Die Energiewende wird notwendigerweise schneller kommen als wir dachten. Dass sie dezentral, lokal, kommunal und digital sein wird, wissen wir längst. Versorgungssicherheit findet lokal statt. Das allein stellt Stadtwerke vor riesige Aufgaben. Sehen Sie sich dann zusätzlich in der übergreifenden Rolle des digitalen Daseinsversorgers?
Unsere Fragen an die Markenstrategie
Würden Ihnen die Kund*innen das Versprechen der digitalen Daseinsversorgung abnehmen? Würden sie Ihnen vertrauen? Ihnen glauben, dass Sie digitalen Nutzen bieten und mit ihren Daten gut umgehen? Dass Sie für die nötige Cybersicherheit stehen, so wie Sie Jahrzehnte für Versorgungssicherheit standen? Oder klaffen Wunsch (der Geschäftsführung) und Realität (der Kundenerlebnisse) zu weit auseinander?

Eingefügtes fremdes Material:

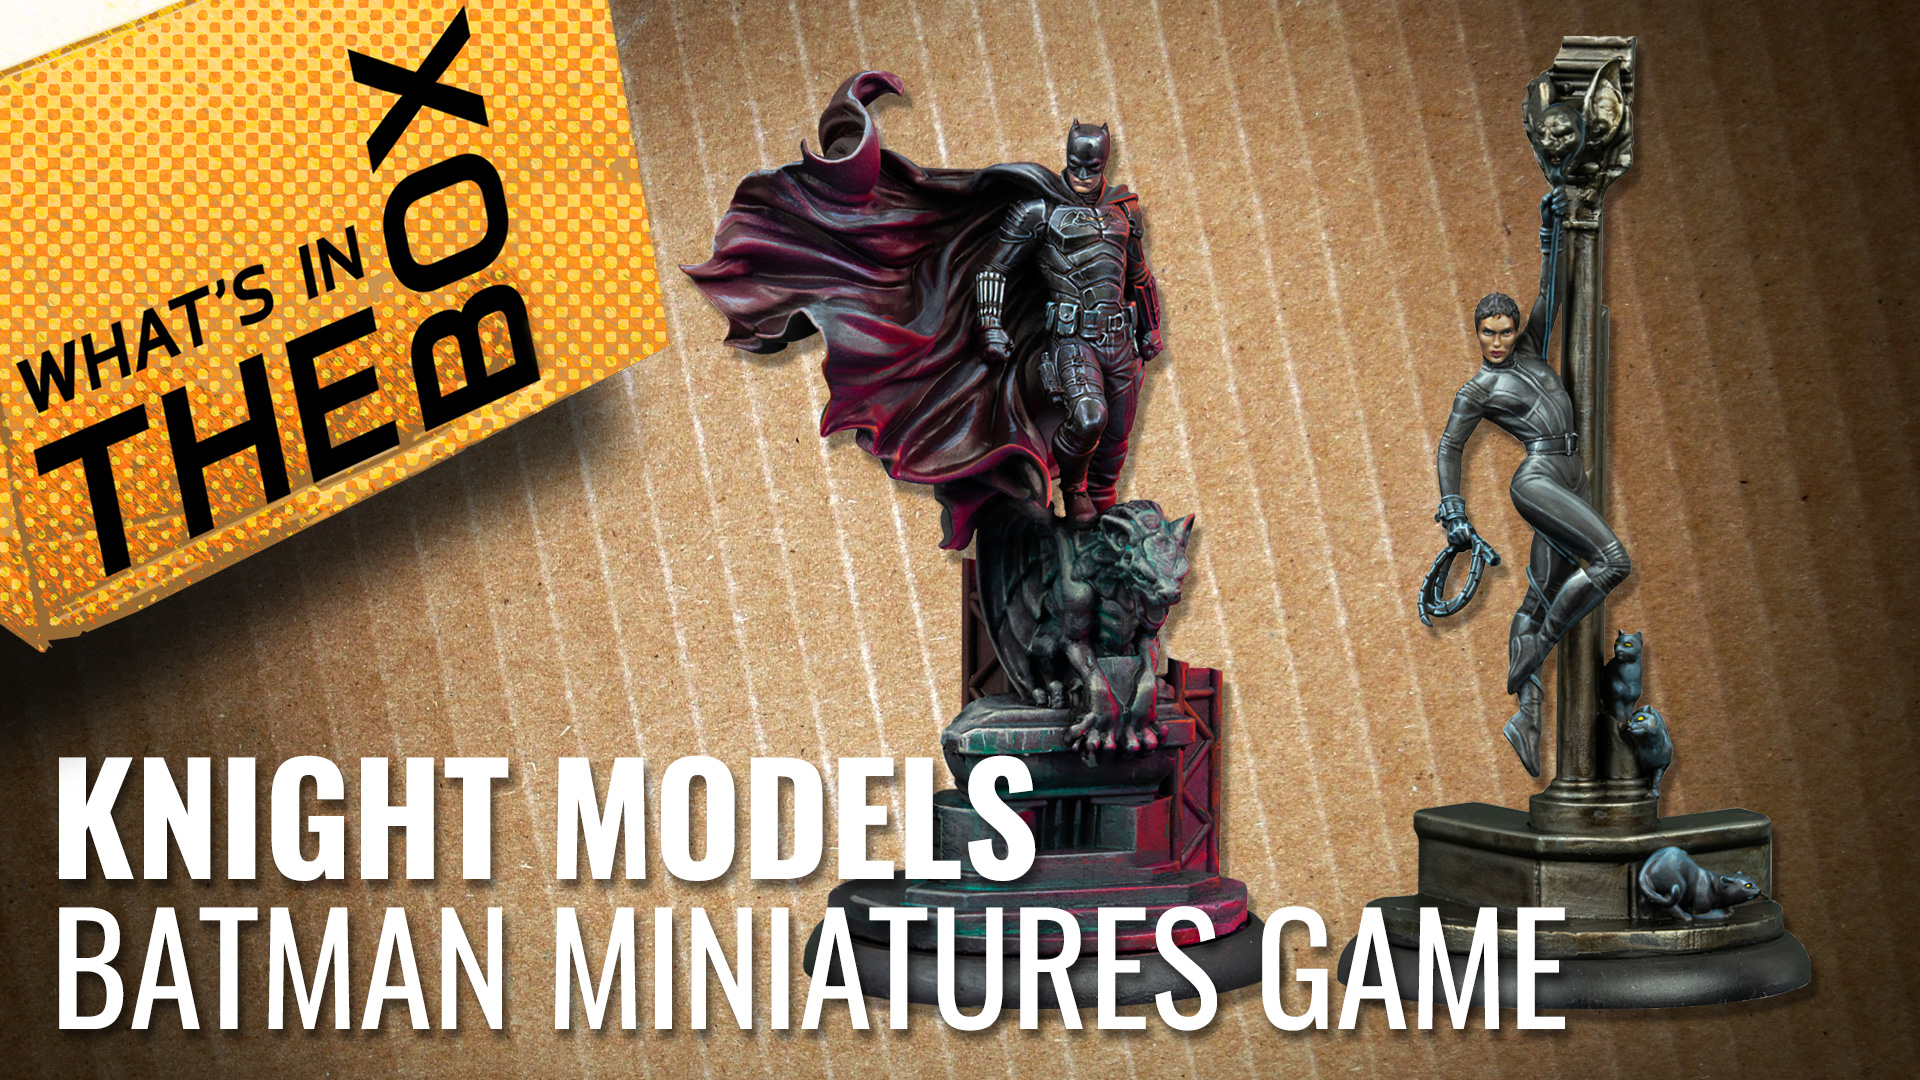 Batman-Miniatures-games-coverimage

Wenn die Lücke hier aktuell zu groß ist, dann gilt es zu investieren. In die Marke und ihre Fähigkeiten. Und das ist weit mehr als ein neues Branddesign (aber auch das!). Die Markenverantwortlichen müssen den Spielraum der Marke erweitern, ohne ihren Kern zu beschädigen, wenn das Unternehmen in neue Leistungsfelder vordringen will.